Budou is a python library, which uses word segmenters to analyze input sentences. It can concatenate proper into meaningful chunks utilizing part-of-speech tagging and other syntactic information. Processed chunks are wrapped in a SPAN tag. Depending on the text segmentation algorithm used, it also has support for Chinese & Korean. Since this library is written in Python, it cannot be used simply used in Ruby, PHP, or Node.js.
You can choose different segmenter backends depending on the needs of your environment. Currently, the segmenters below are supported.
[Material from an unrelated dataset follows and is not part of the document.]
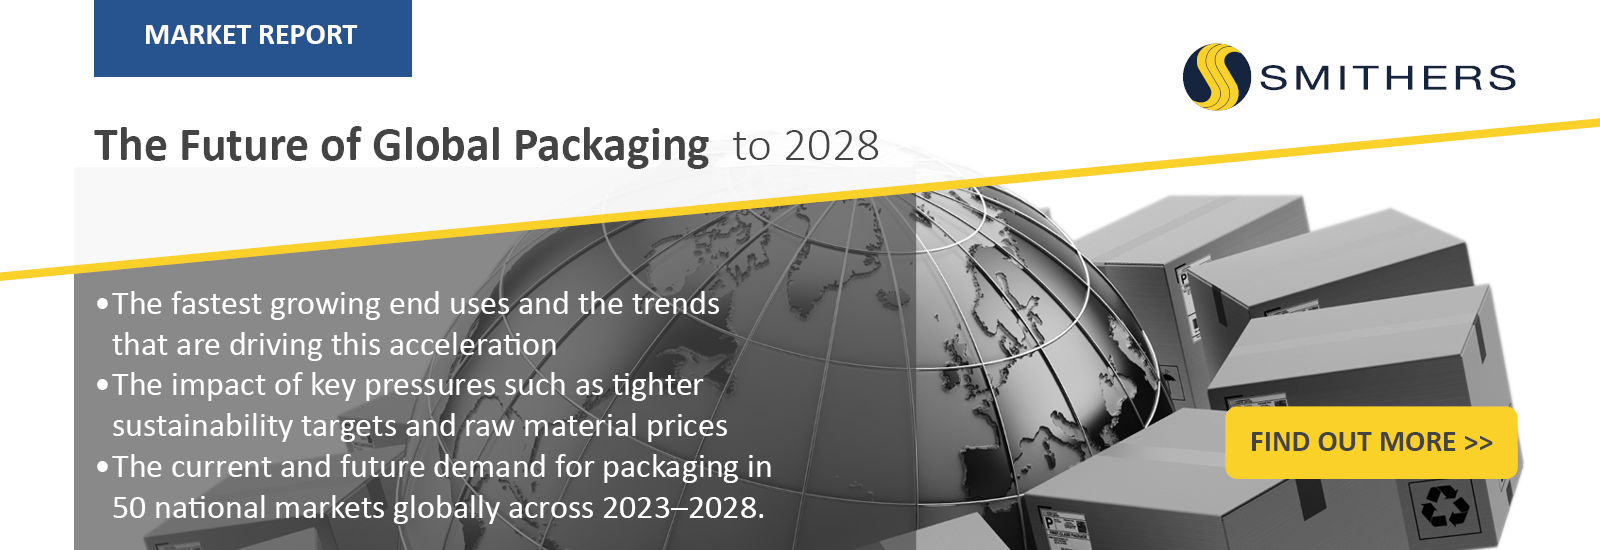 Global-packaging-2028-web-banner
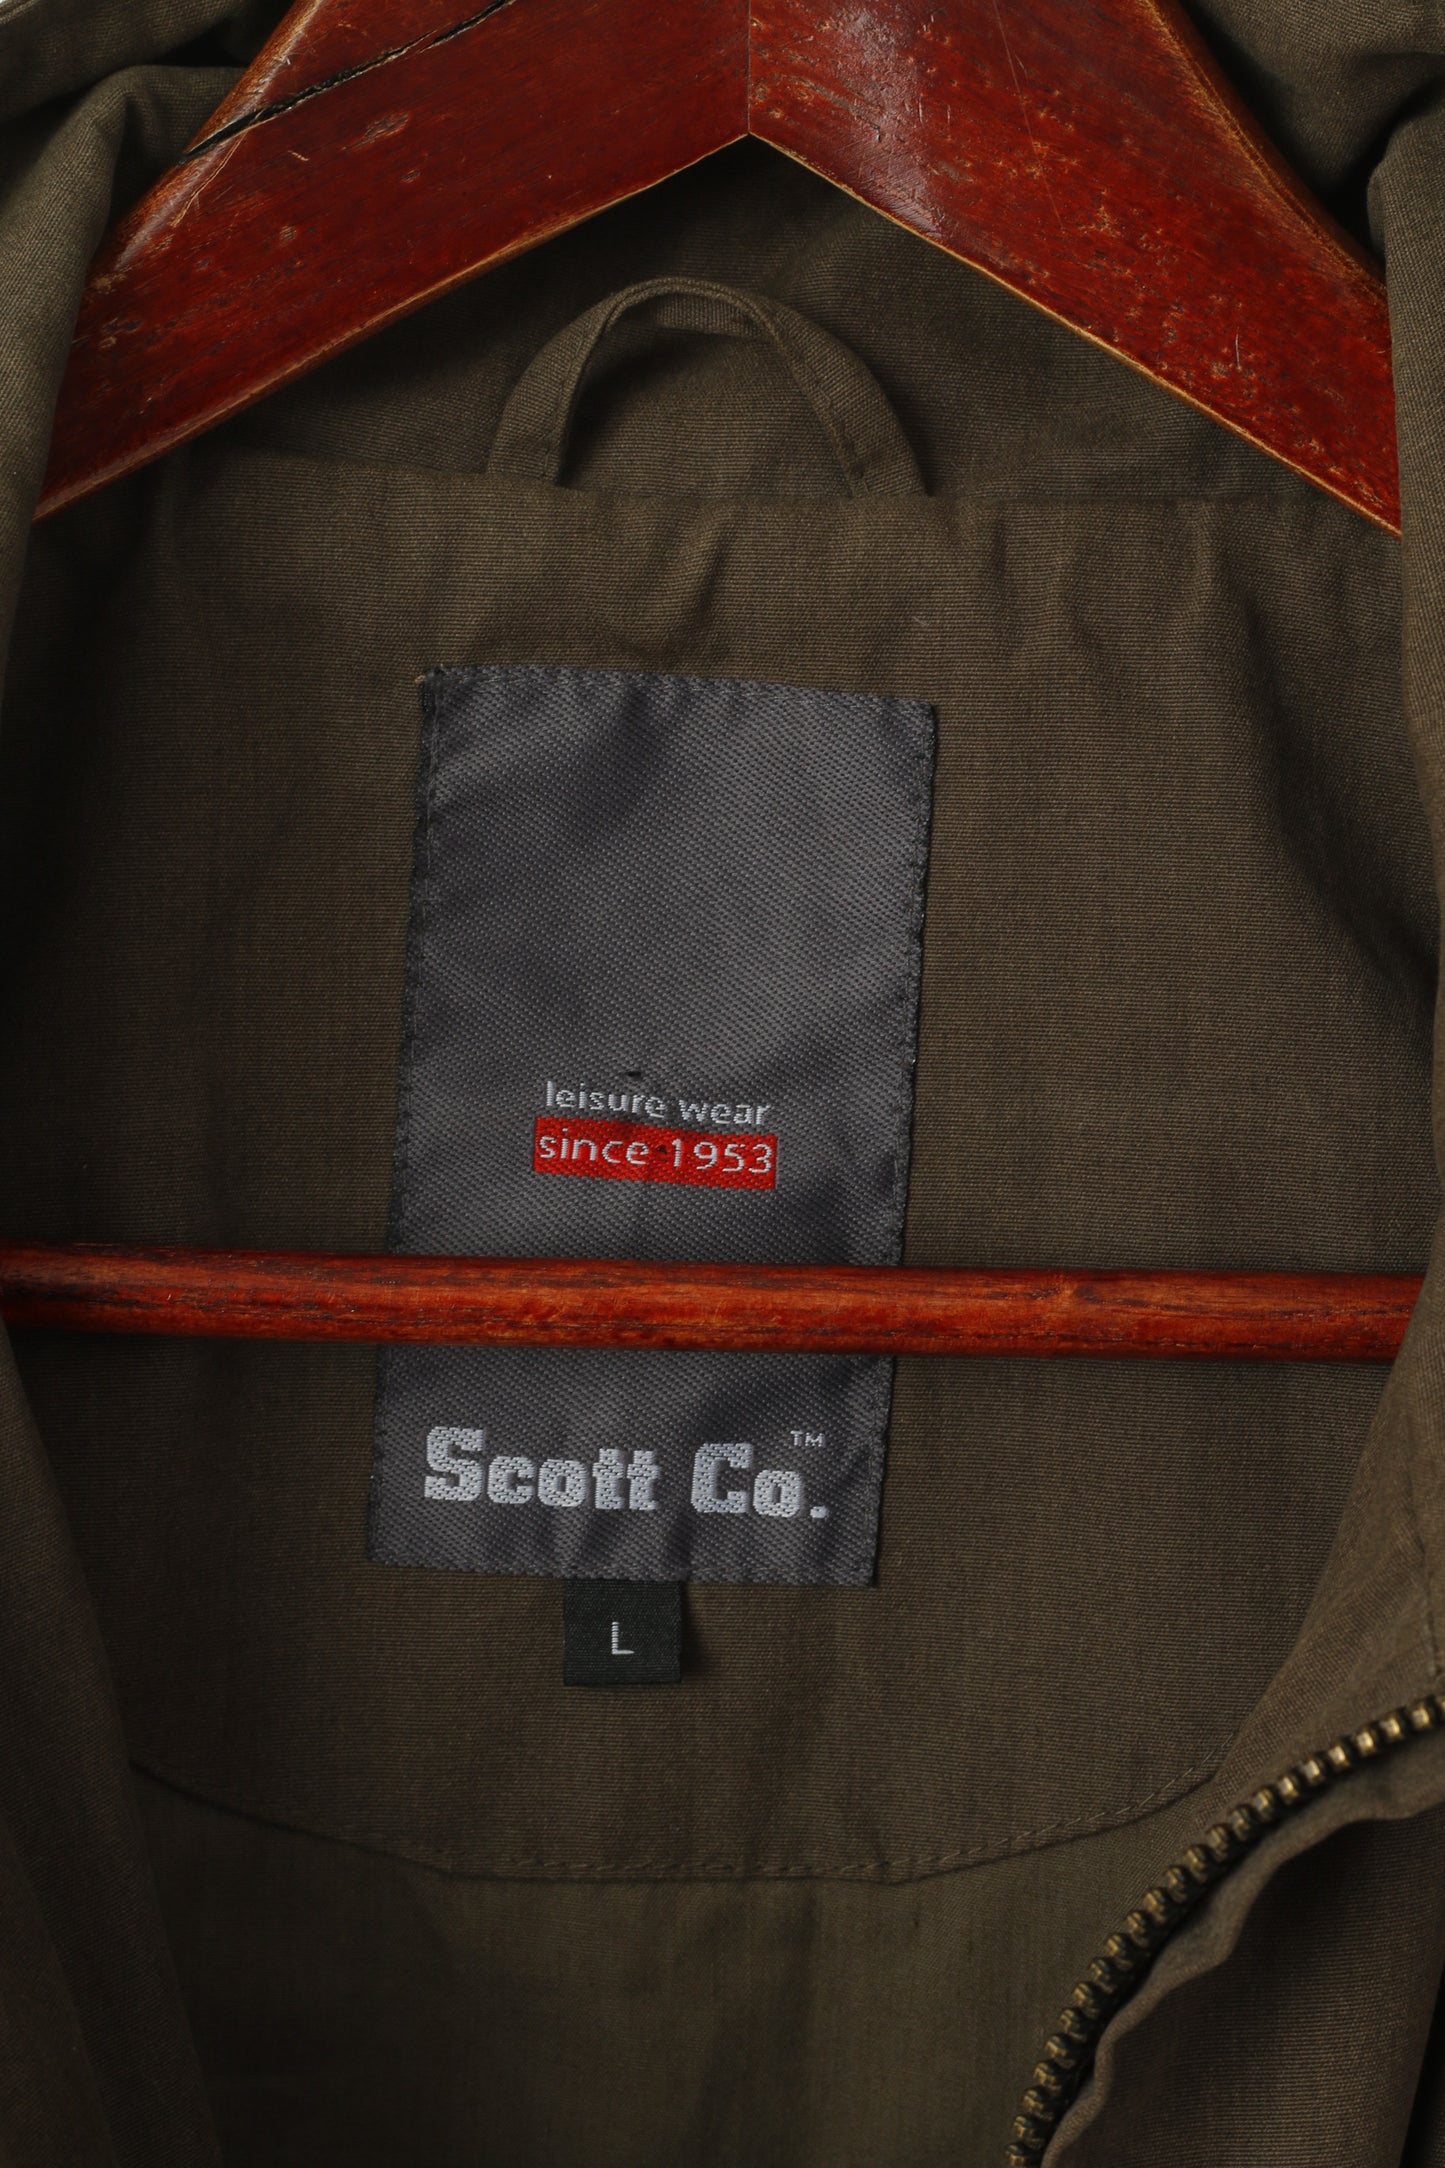 Scott Co. Giacca da uomo L Verde Marrone Cerniera completa Tasche in cotone leggero militare

- Google Cloud Natural Language API: external API calls, can be costly
- MeCab: Japanese POS tagger & morphological analyzer with lots of language bindings, e.g. also used in Google Japanese Input and Japanese Input on Mac OS X
- TinySegmenter: extremely compact word separation algorithm in Javascript which produces MeCab compatible word separation without depending on external APIs, no dictionaires, classifies input
TinySegmenter is an extremely compact word separation algorithm in Javascript which produces MeCab compatible word separation without depending on external APIs. It classifies the input by using entities like characters, N-Grams, Hiragana, Katakana (Japanese phonetic lettering system / syllabaries) and their combinations as features to determine whether a character is preceded by a word boundary. A [Naive Bayes]((https://towardsdatascience.com/naive-bayes-explained-9d2b96f4a9c0) model was trained using the RWCP corpus and to make that model even more compact Boosting was used for L1 norm regularization. Basically it compresess the model and get rid off redundant features as much as possible.